Brand new 1953 Winter spinet

Farrell mfarrel2@tampabay.rr.com
Thu, 20 Jun 2002 21:05:37 -0400


No answers from me - I didn't even know what a piano was back then.

However, since you brought up Grand piano.......... I went to an appt. yesterday afternoon to tune a piano a young woman just bought so her daughter could take lessons. A 1960s Grand piano. Pinblock falling off frame, bass bridge dangling in the air - not connected to anything but the strings, missing dampers, broken flanges, loose tuning pins, on half of the keys the key buttons were shot - and on half of those the center rail pin hole at bottom of key was so enlarged, the key could wander out from under the wippen. That's just the highlights. This was THE WORST piano I have ever seen that someone expected tuning on. I think it beats out all the old uprights I have run into.

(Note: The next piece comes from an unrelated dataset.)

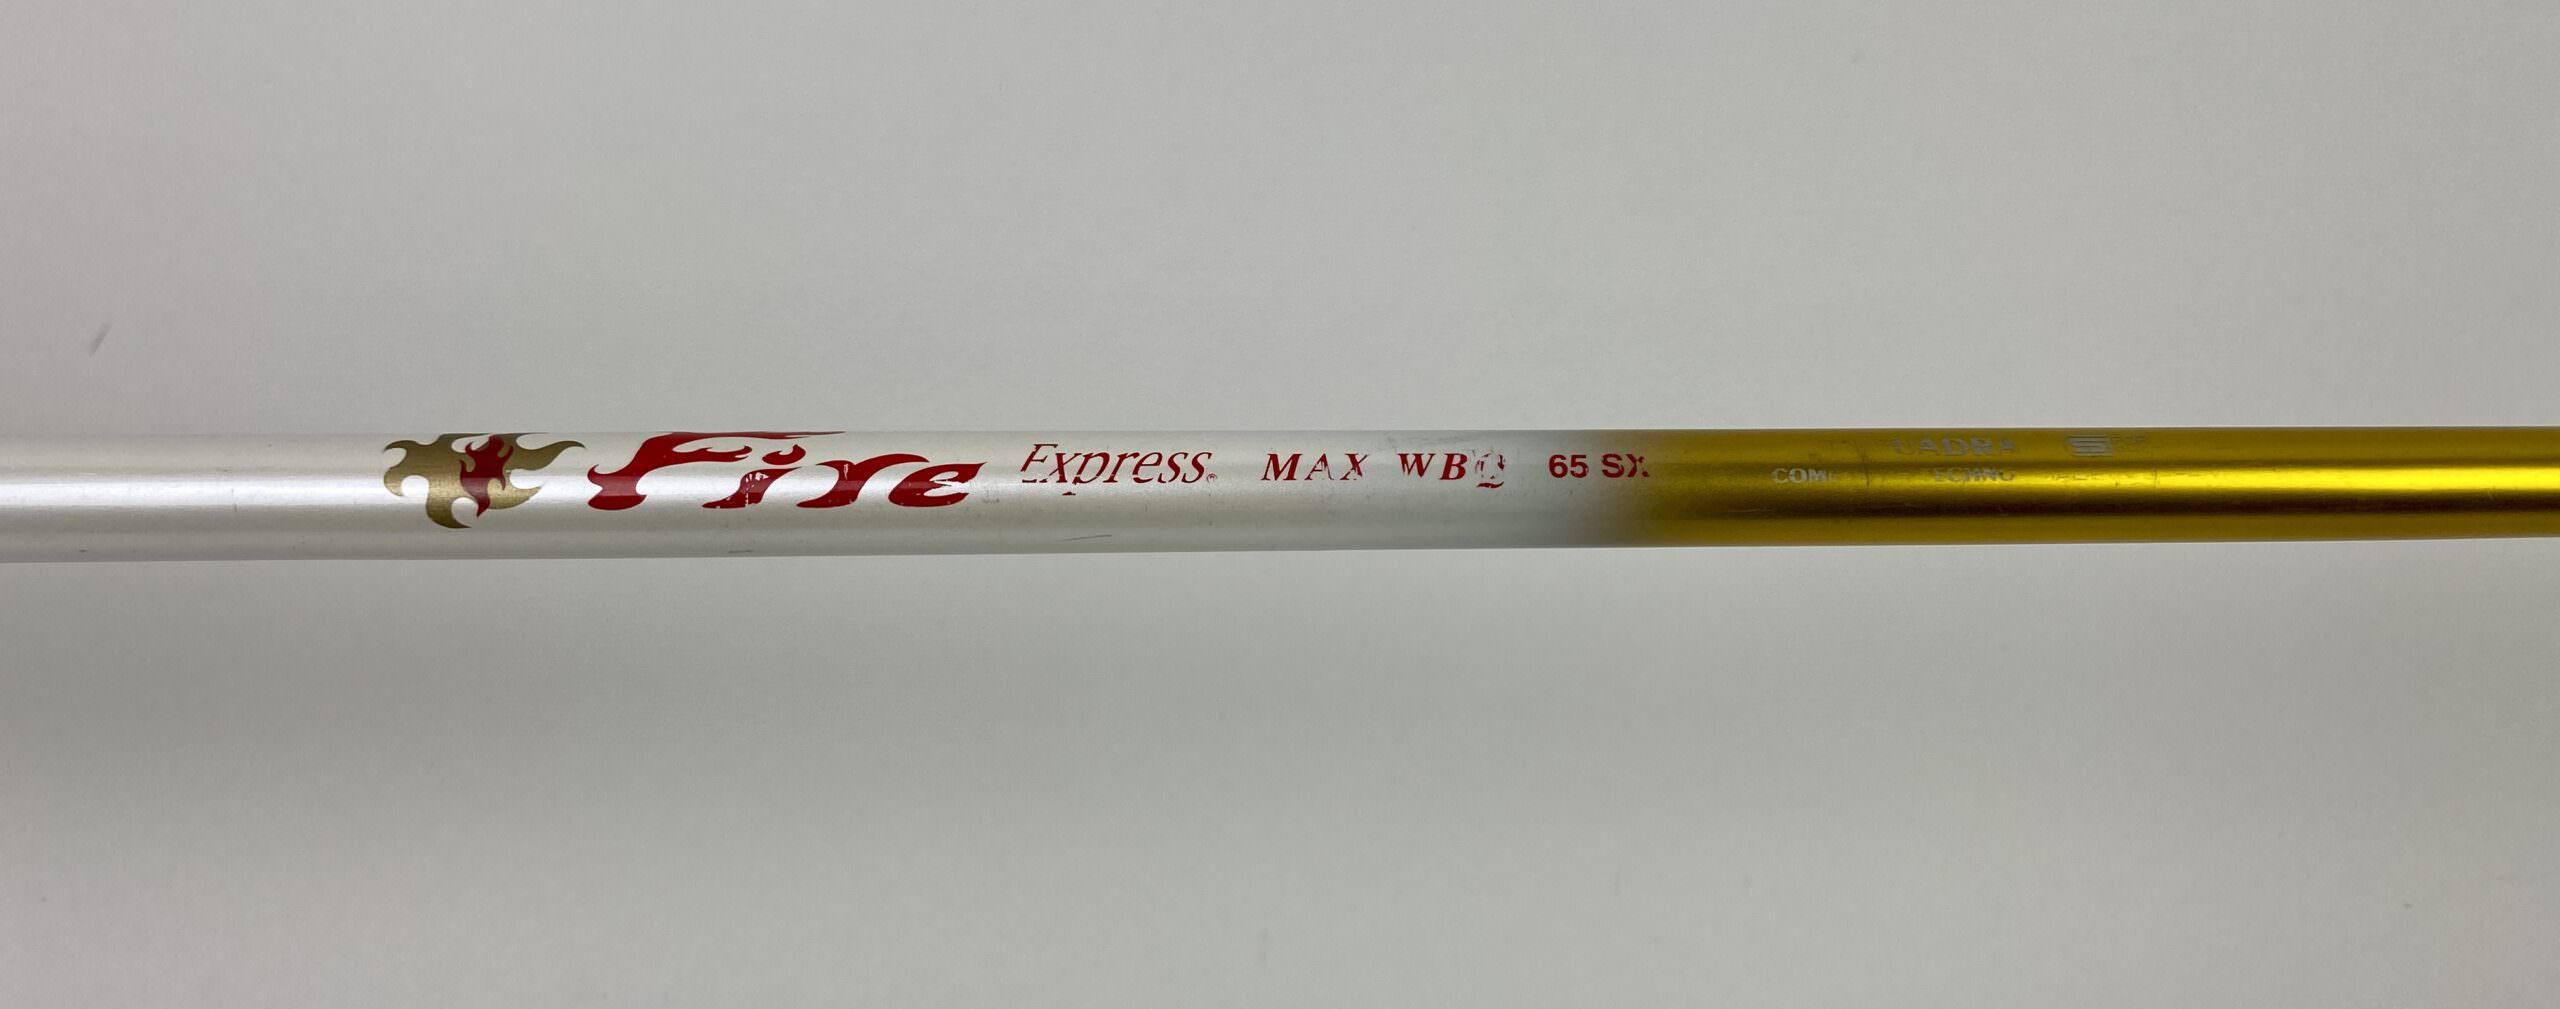 Golf Shaft Only Composite Techno Fire Express Max WBQ 65 (SX) 44inch JAPAN  · SwingPoint Golf®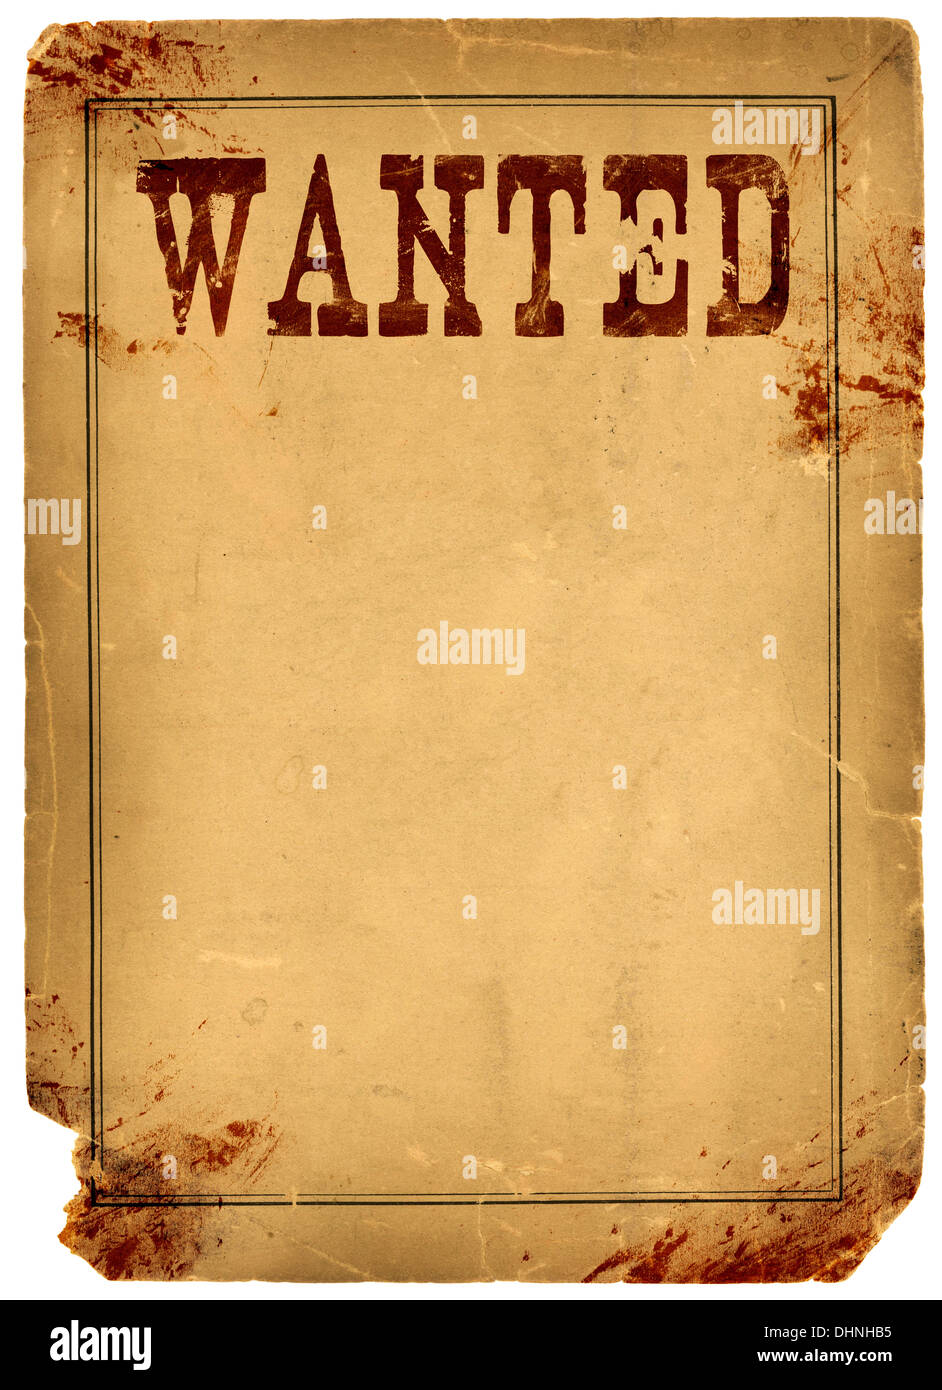 Bloody stained old western wanted poster made from real antique 1800s

Unbelievable that anyone could have sold this thing.

I feel better now.

Terry Farrell
  
----- Original Message ----- 
From: <Tvak@AOL.COM>
To: <pianotech@ptg.org>
Sent: Thursday, June 20, 2002 8:39 PM
Subject: Brand new 1953 Winter spinet


> Having only been around for the last 5 years or so, I feel as if I have had 
> more than my share of spinets in all the various flavors, such as Winter, 
> Gulbransen, Whitney, Wurlitzer, etc.  You know the ones I'm talking about...
> 
> What did these pianos sound like when they were new?  Anybody around who 
> remembers their first Whitney back in 1953?  When it was brand new, out of 
> the show room and right into the living room?
> 
> Were they as terrible back then as they are now, or did they just degrade 
> horribly over time?  Did they have false beats in every note in the top 3 
> octaves?  A tenor break you could hear down the block?  Bass bichords that 
> can only approximate a unison?  Little or no sustain anywhere? 
> 
> Or were they acceptable pianos that just got worse (and worse) as time went 
> by?
> 
> In other words, is this what an Old Chang will be like?
> 
> Just wondering, after my lucky day consisted of a Whitney, a Kimball, and a 
> Grand,  
> 
> Tom Sivak
> 
> P.S.
> Disclaimer:  This post not intended as a launching board into a discussion of 
> "Great Winter Spinets I've Found".  Granted, there is variation within each 
> brand name.  Except for Grand.  They all stink.   ;-)
> 
> P.P.S.
> Actually, any day I have 3 tunings is a lucky day.